EP1237985A1

EP1237985A1 - Method for working up polyether alcohols

Info

Publication number: EP1237985A1
Application number: EP00979572A
Authority: EP
Inventors: Kathrin Harre; Gerd Hoeppner; Georg Heinrich Grosch; Wolfgang Heider; Eva Baum; Thomas Ostrowski
Original assignee: BASF SE
Current assignee: BASF SE
Priority date: 1999-11-26
Filing date: 2000-11-16
Publication date: 2002-09-11
Also published as: DE19957105A1; WO2001038421A1; AU1701201A

Abstract

The invention relates to a method for working up polyether alcohols which may be produced by the catalytic addition of alkylene oxides to H-functional starting materials. Said method is characterised in that at least one multi-metal cyanide compound is employed as catalyst and that the catalyst is separated by sedimentation from the polyether alcohol, after the addition of the alkylene oxide.

Description

Process for working up polyether alcohols

description

The invention relates to a process for working up polyether alcohols which have been prepared by addition of alkylene oxides onto H-functional starter substances by means of multimetal cyanide catalysts.

Polyurethanes are manufactured in large quantities.
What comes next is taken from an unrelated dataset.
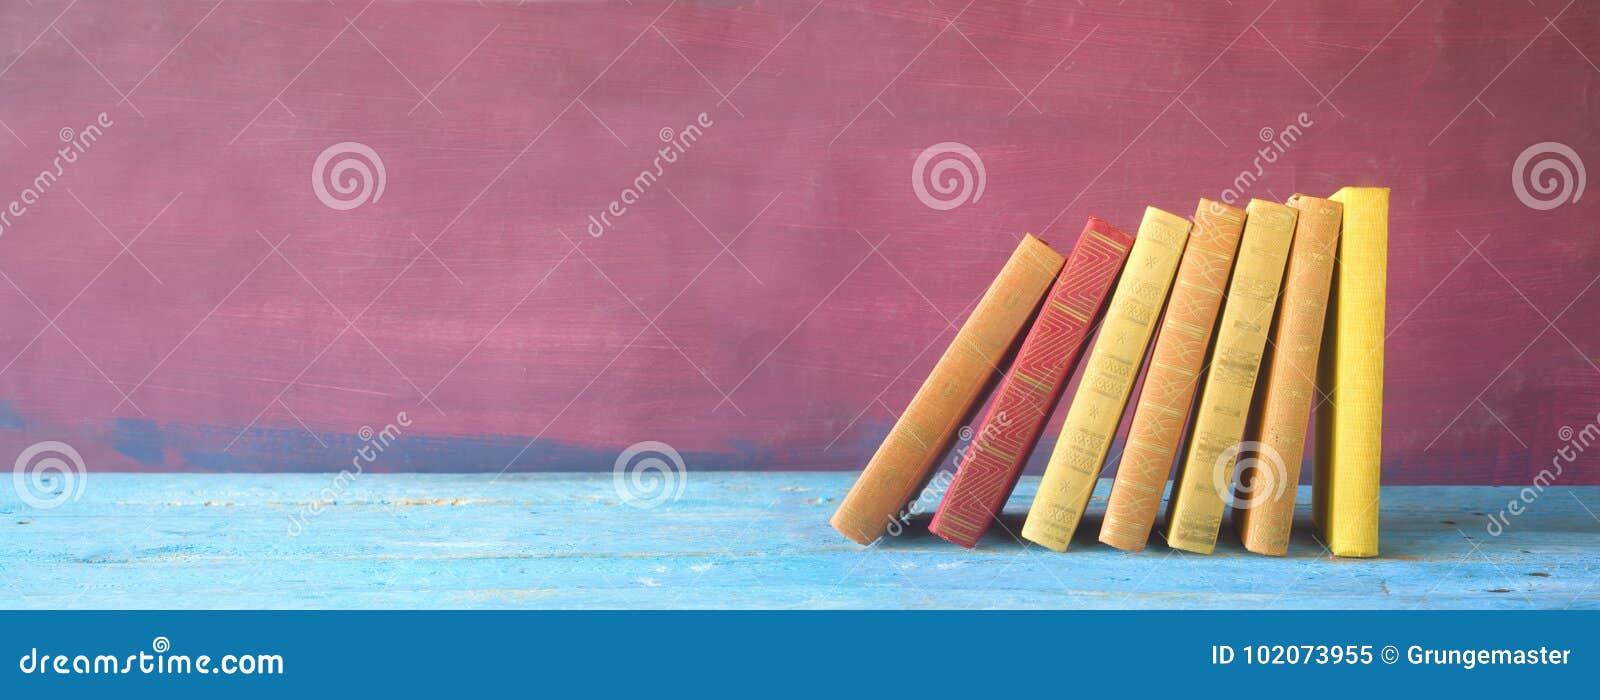 Reihe von Büchern, Panorama,

An essential starting product for their production are polyether alcohols. They are usually produced by catalytic addition of lower alkylene oxides, in particular ethylene oxide and propylene oxide, to H-functional starters. Mostly basic metal hydroxides or salts are used as catalysts, the potassium hydroxide being of the greatest practical importance.

In the synthesis of polyether polyols with long chains and hydroxyl numbers from approx. 26 to approx. 60 mg KOH / g, as are used particularly for the production of flexible polyurethane foams, side reactions occur as the chain grows, which leads to disturbances in the chain structure. The resulting by-products are referred to as unsaturated components and lead to an impairment of the properties of the resulting polyurethane materials. In particular, these unsaturated constituents, which have an OH functionality 1, have the following consequences:

Because of their very low molecular weight and thus increase the total volatile content in the polyether polyol and in the polyurethanes produced therefrom, in particular flexible polyurethane foams.
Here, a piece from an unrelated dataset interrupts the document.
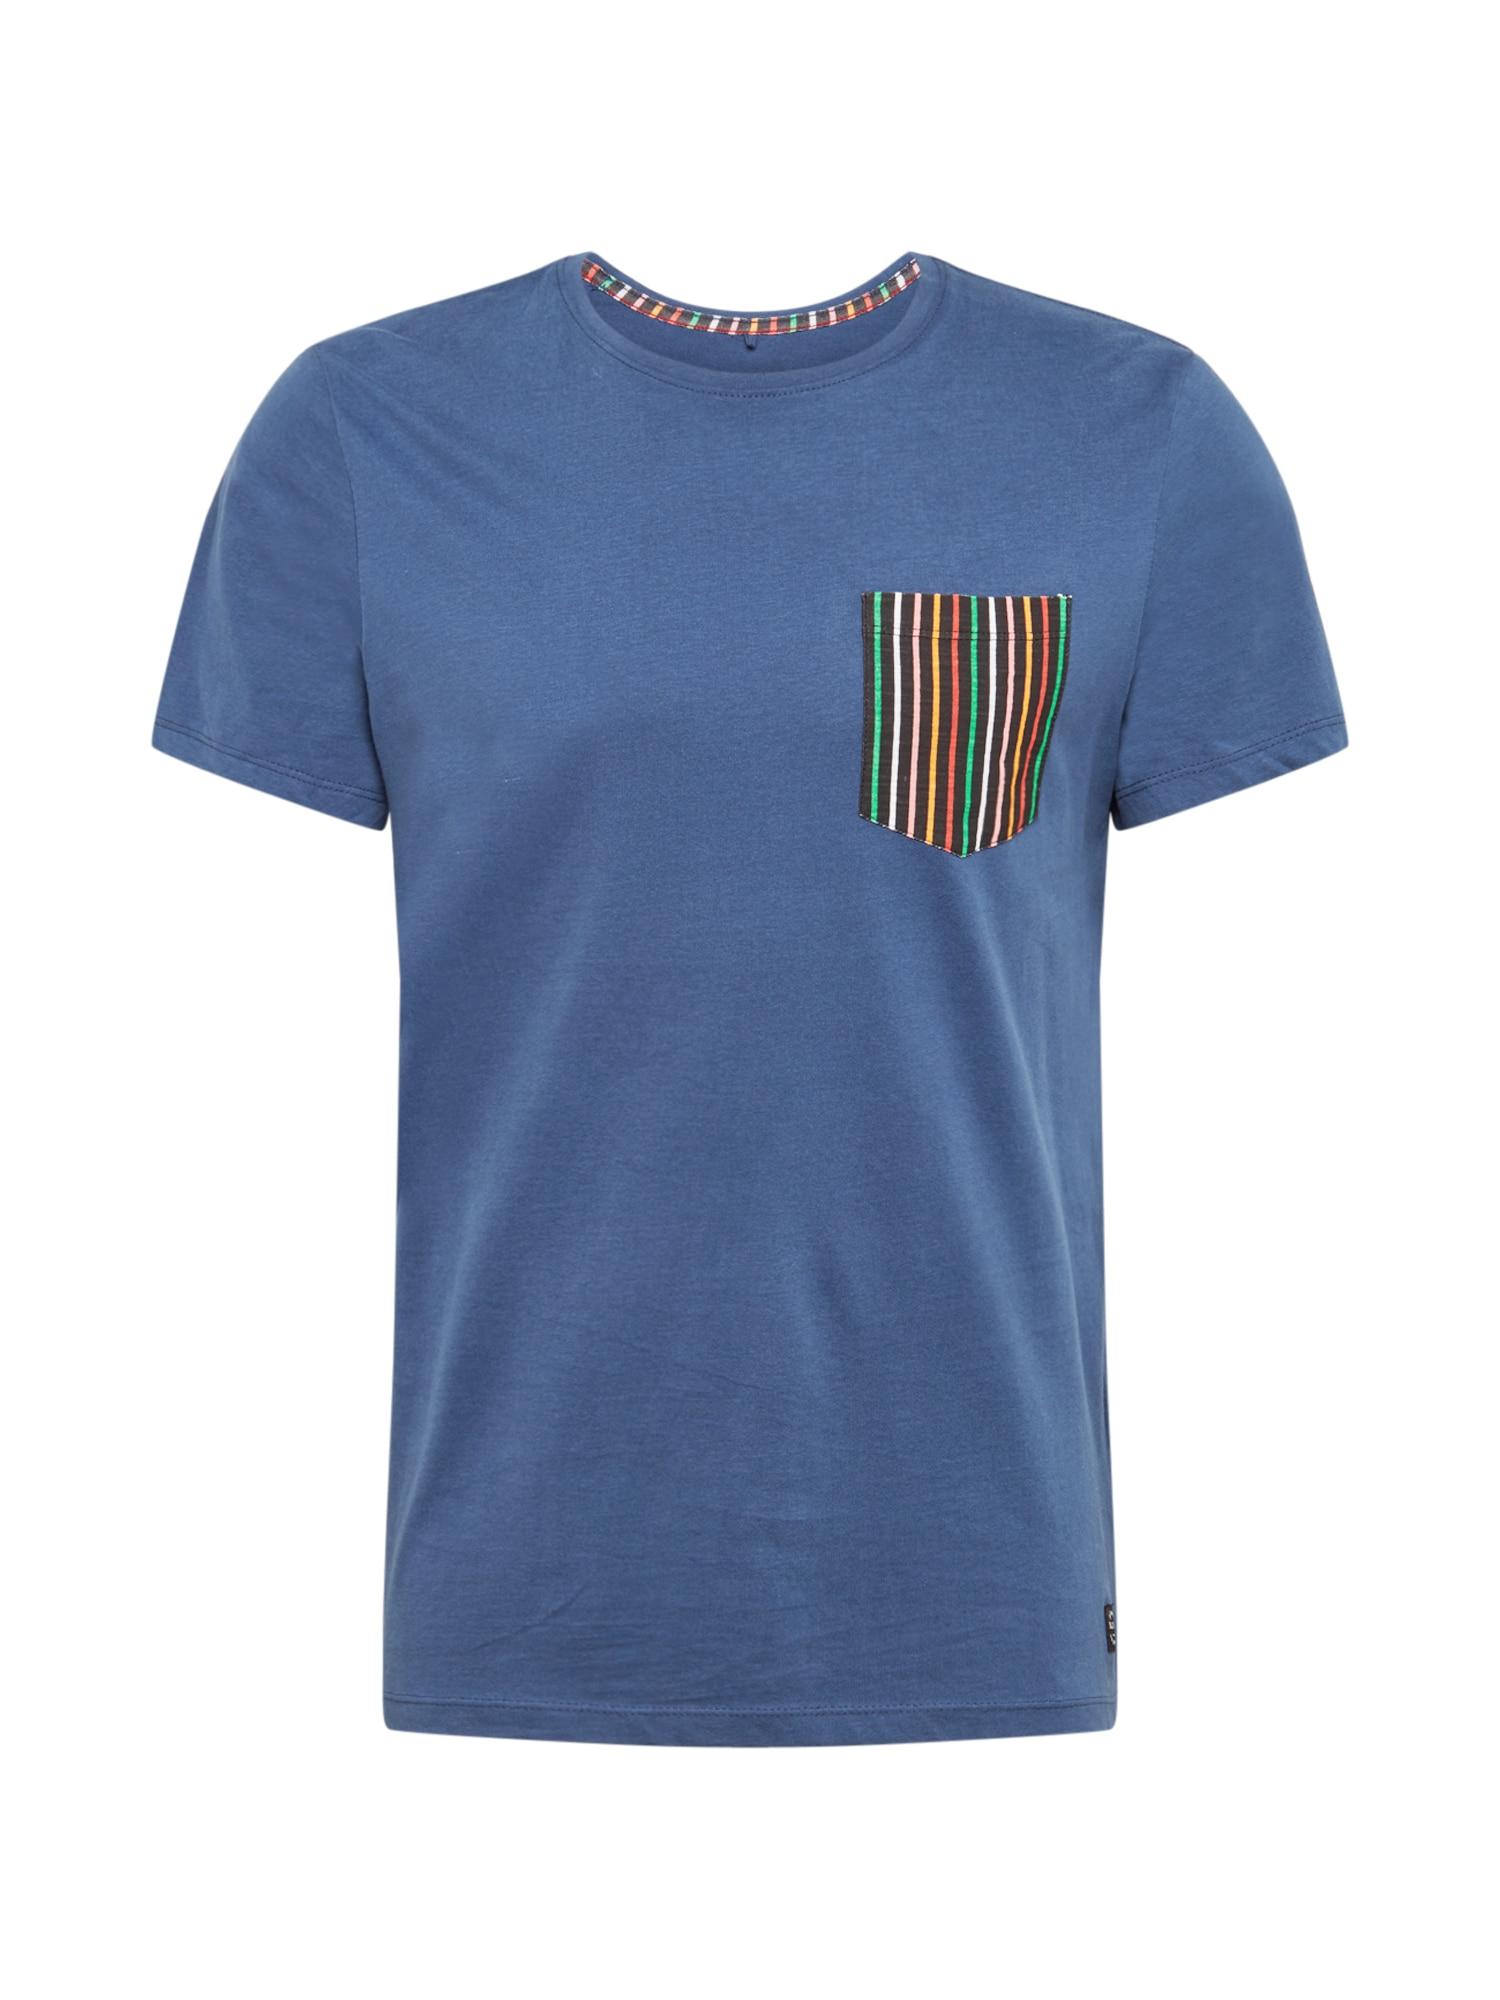 BLEND Marškinėliai 'Tee' mėlyna

They act as chain terminators in the production of the polyurethane because they delay or reduce the crosslinking of the polyurethane or the build-up of the molecular weight of the polyurethane.

It is therefore technically very desirable to avoid the unsaturated components as much as possible.

One way of producing polyether alcohols with a low content of unsaturated constituents is the use of multimetal cyanide catalysts, also known as DMC catalysts, mostly zinc hexacyanometalates, as alkoxylation catalysts. There are a large number of documents in which ___ the production of polyether alcohols using such catalysts is described. The production of polyether polyols using zinc hexacyanocobaltate is described in DD-A-203 735 and DD-A-203 734. By using multimetal cyanide catalysts, the content of unsaturated constituents in the polyether polyol can be reduced to approx. 0.003 to 0.009 meq / g - in conventional catalysis with potassium hydroxide, about 10 times the amount (approx. 0.03 to 0.08 meq / g) ,

The production of the multimetal cyanide catalysts is also known. These compounds are usually prepared by reacting solutions of metal salts, such as zinc chloride, with solutions of alkali metal or alkaline earth metal cyanometalates, such as potassium hexacyanocobaltate. A water-miscible component containing heteroatoms is generally added to the precipitate suspension formed immediately after the precipitation process. This component can also already be present in one or in both educt solutions. This water-miscible component containing heteroatoms can be, for example, an ether, polyether,

Alcohol, ketone, or a mixture thereof. Such methods are described for example in US 3,278,457, US 3,278,458, US 3,278,459, US 3,427,256, US 3,427,334, US 3,404,109, US 3,829,505, US 3,941,849.

After the polyether alcohols have been produced, the multimetal cyanide catalyst is mostly separated off from the polyether alcohol. Since the multimetal cyanide catalyst is usually present in a very finely divided form in the polyether alcohol, the separation is very difficult.

No. 5,416,241 describes a process for the preparation of polyether alcohols by means of DMC catalysts, in which after the alkylene oxides have been added on, the catalyst is made insoluble by adding alkali compounds and then filtered. In this process, however, the DMC catalyst is destroyed and can therefore no longer be reused.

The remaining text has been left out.